1. What caused her death? Was she drowned? Suffocated? Manually strangled? Did she die of disease, or natural causes, or even by an unfortunate accident, and then the death was covered up? If the medical evidence does not create certain proof of death, then the burden on the state is virtually overwhelming. It must now disprove all other theories to reach above the reasonable doubt standard. When noted experts come forward to dispute even the very cause or manner of death, what can the jurors really know about how she died? What was proven beyond a reasonable doubt about how Caylee died?

2. Next, if you are persuaded that the death was a homicide, what degree of crime was it? Was it an intentional killing and first-degree murder? Was it an intentional violent act, but one not intended to kill, making it second-degree murder? Was it a reckless or highly negligent act that caused the death, making it manslaughter?
Yes, the prosecution’s theory was that it took place during an abuse of the child, legally consistent with first-degree. Remember, that one could try to cover up any of those types of unlawful homicide, but also might cover up an accidental or natural death, as well. The actions to cover up may give us no clue as to how death was caused. Now that you have followed all of the stories in the media, and perhaps watched the daily coverage, can you tell your friend or neighbor the exact facts of how Caylee’s life ended? Or are you left with your own best theory, no matter how sure you are — but no actual proof that you are right?

3. Finally, we must all ask ourselves, who did it? Casey? Did another family member do the act, perhaps even at her request? Was it a boyfriend or lover? Could it have been someone extremely angry at Casey? Or even a stranger or random crime? Some crazed person who kills children? We may all have our beliefs, but is there truly proof that excludes each and every reasonable doubt?

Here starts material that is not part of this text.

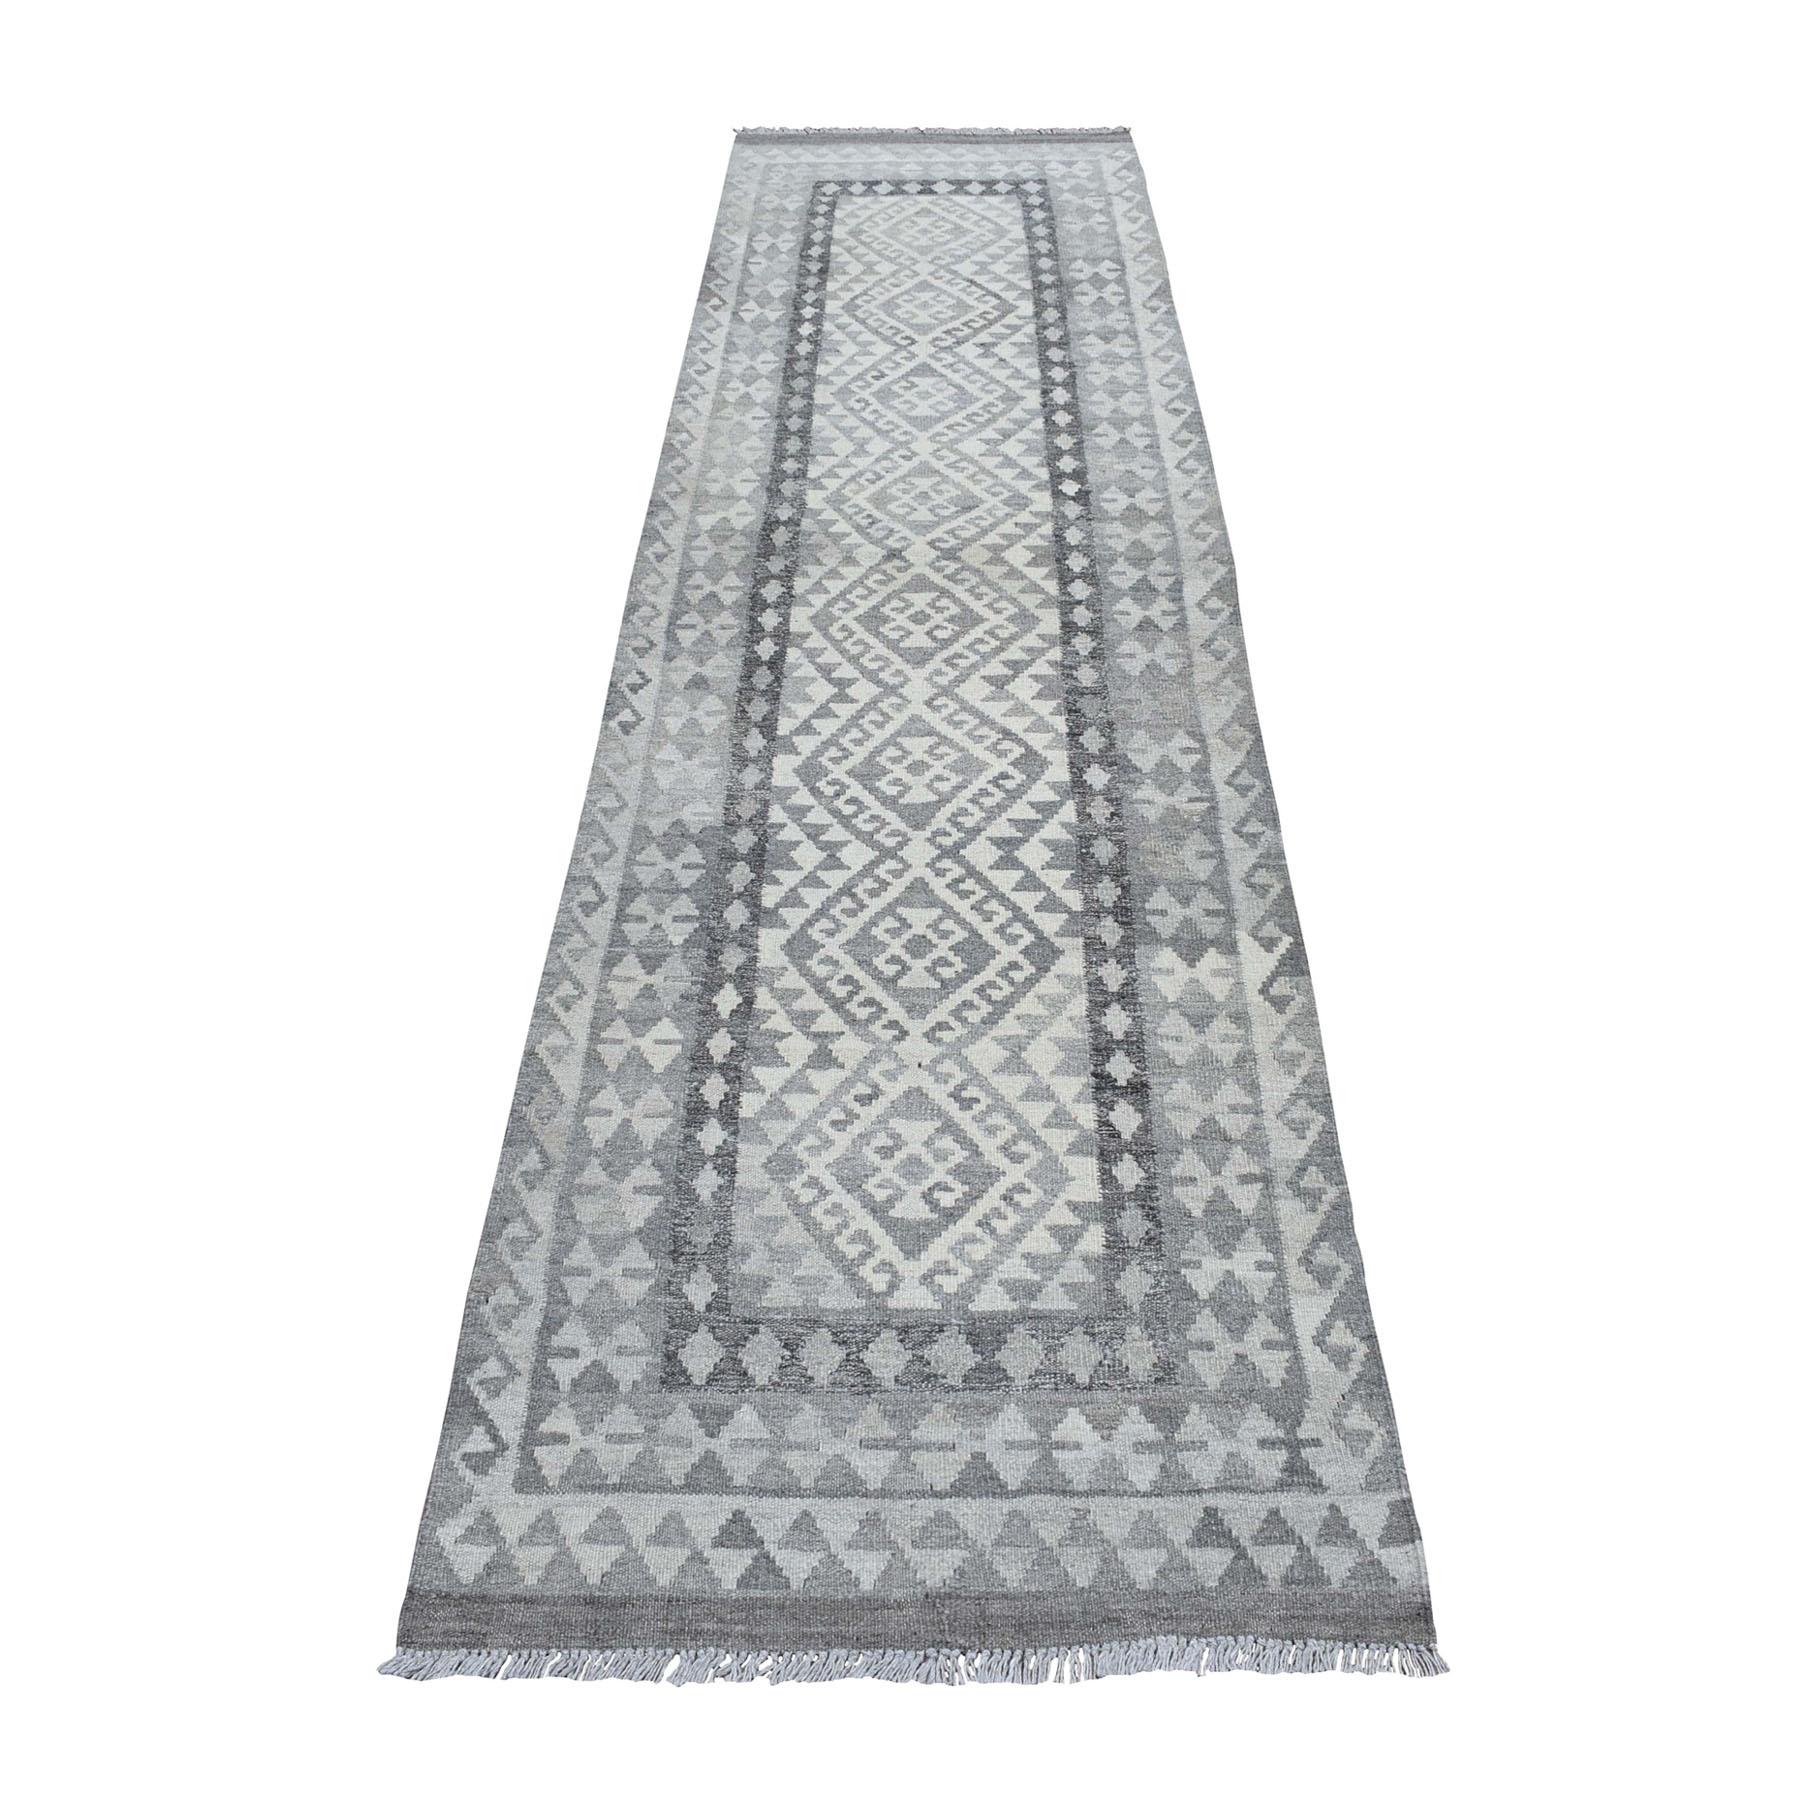 "2'10""x10' Undyed Natural Wool Afghan Kilim Reversible Hand Woven Runner Oriental Rug 53085"
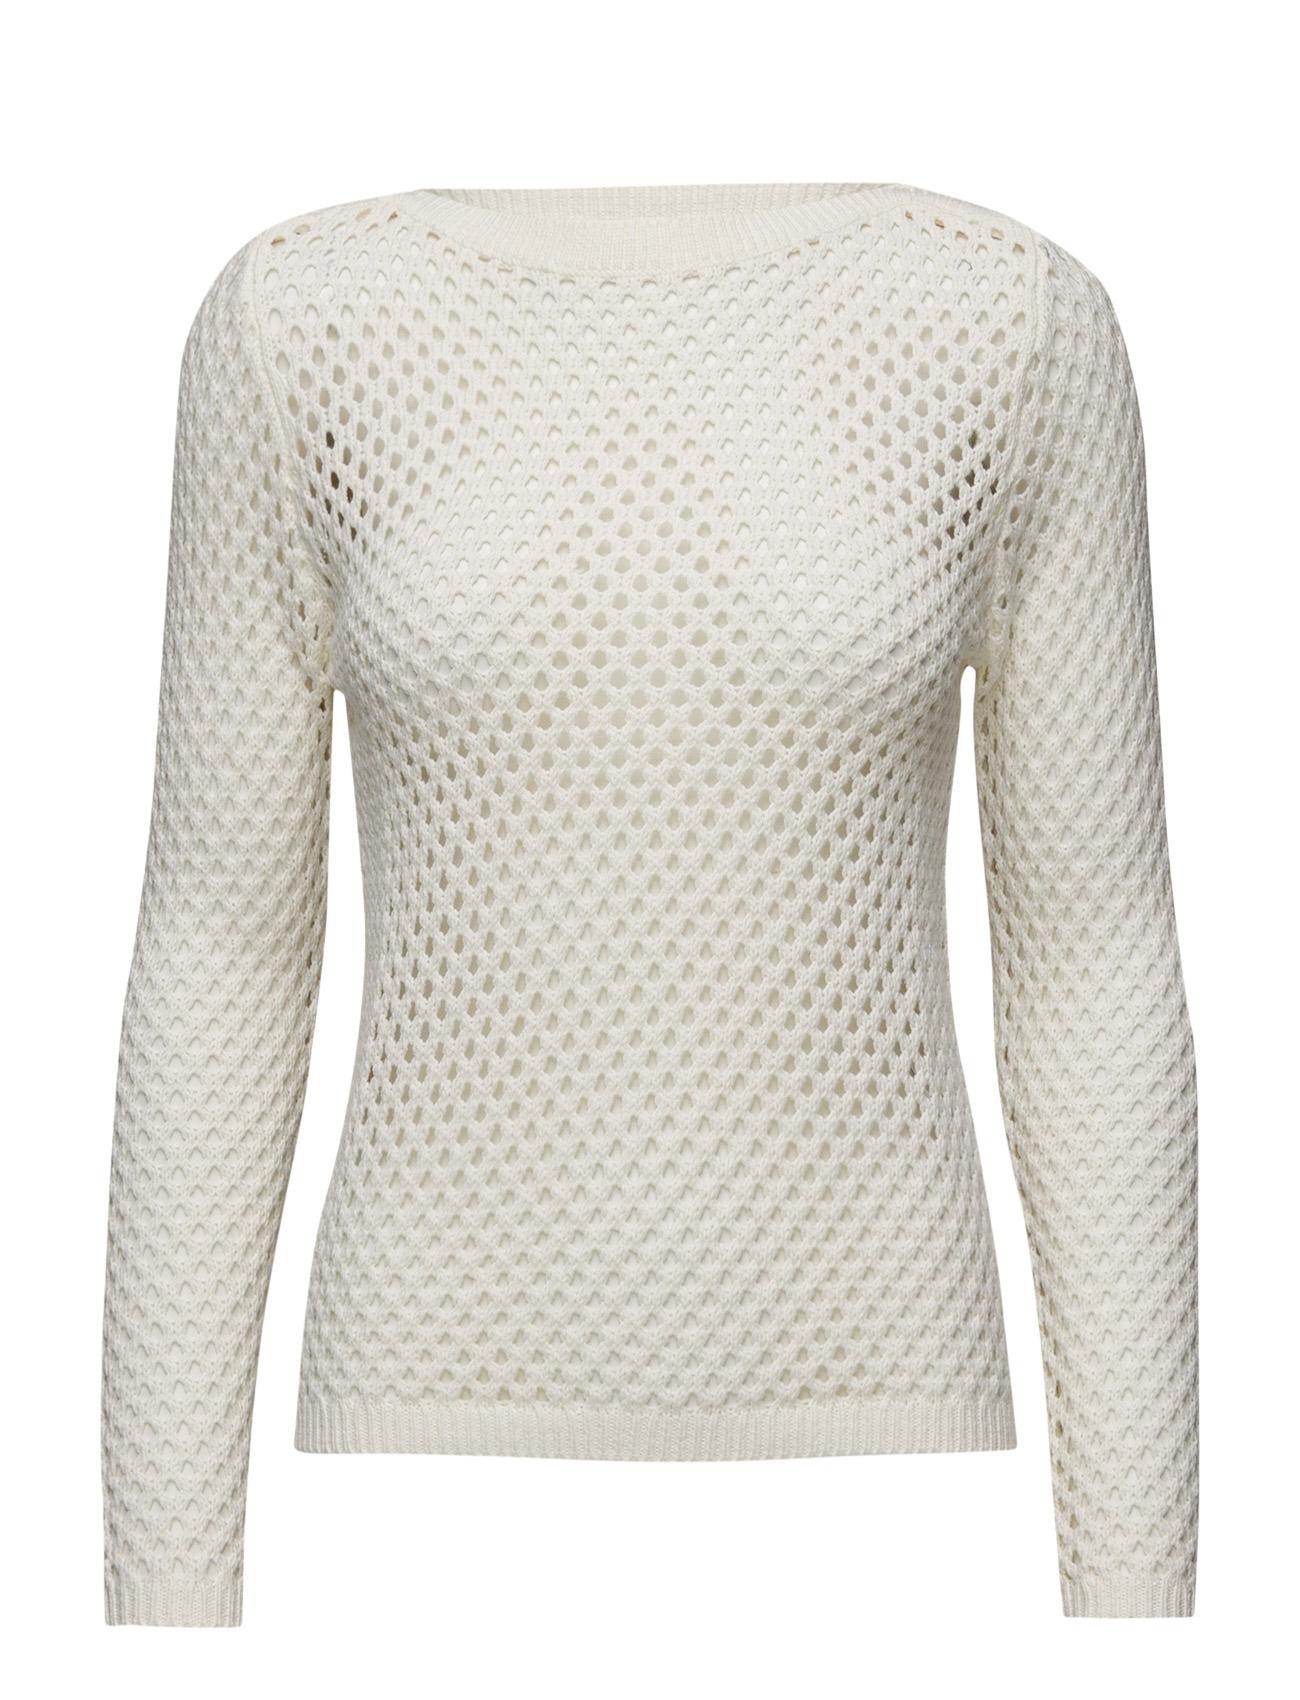 Cibyll Pu Part Two Sweatshirts til Damer i

In truth, having all of these versions of the degree of the crime, the manner of the crime, and little proof as to how any one theory precludes the reasonable doubts raised by the alternate theories — the jury in the trial of Casey Anthony had no legal option but to find the existence of such doubt. If so, jurors would have been acting contrary to their sworn oaths. They chose to act lawfully.

BURDEN OF PROOF

We should all be proud of their courage, even as some may seethe with anger at the result. Sure, the evidence points to Casey and she may have done it; perhaps you think that she probably did it; or that she must have done it — but relying only on the proof presented at trial, and asking yourself all of the questions the jurors’ would be duty bound to ask themselves — do you have a doubt about how, in what manner, at whose hands, and Why is Caylee dead?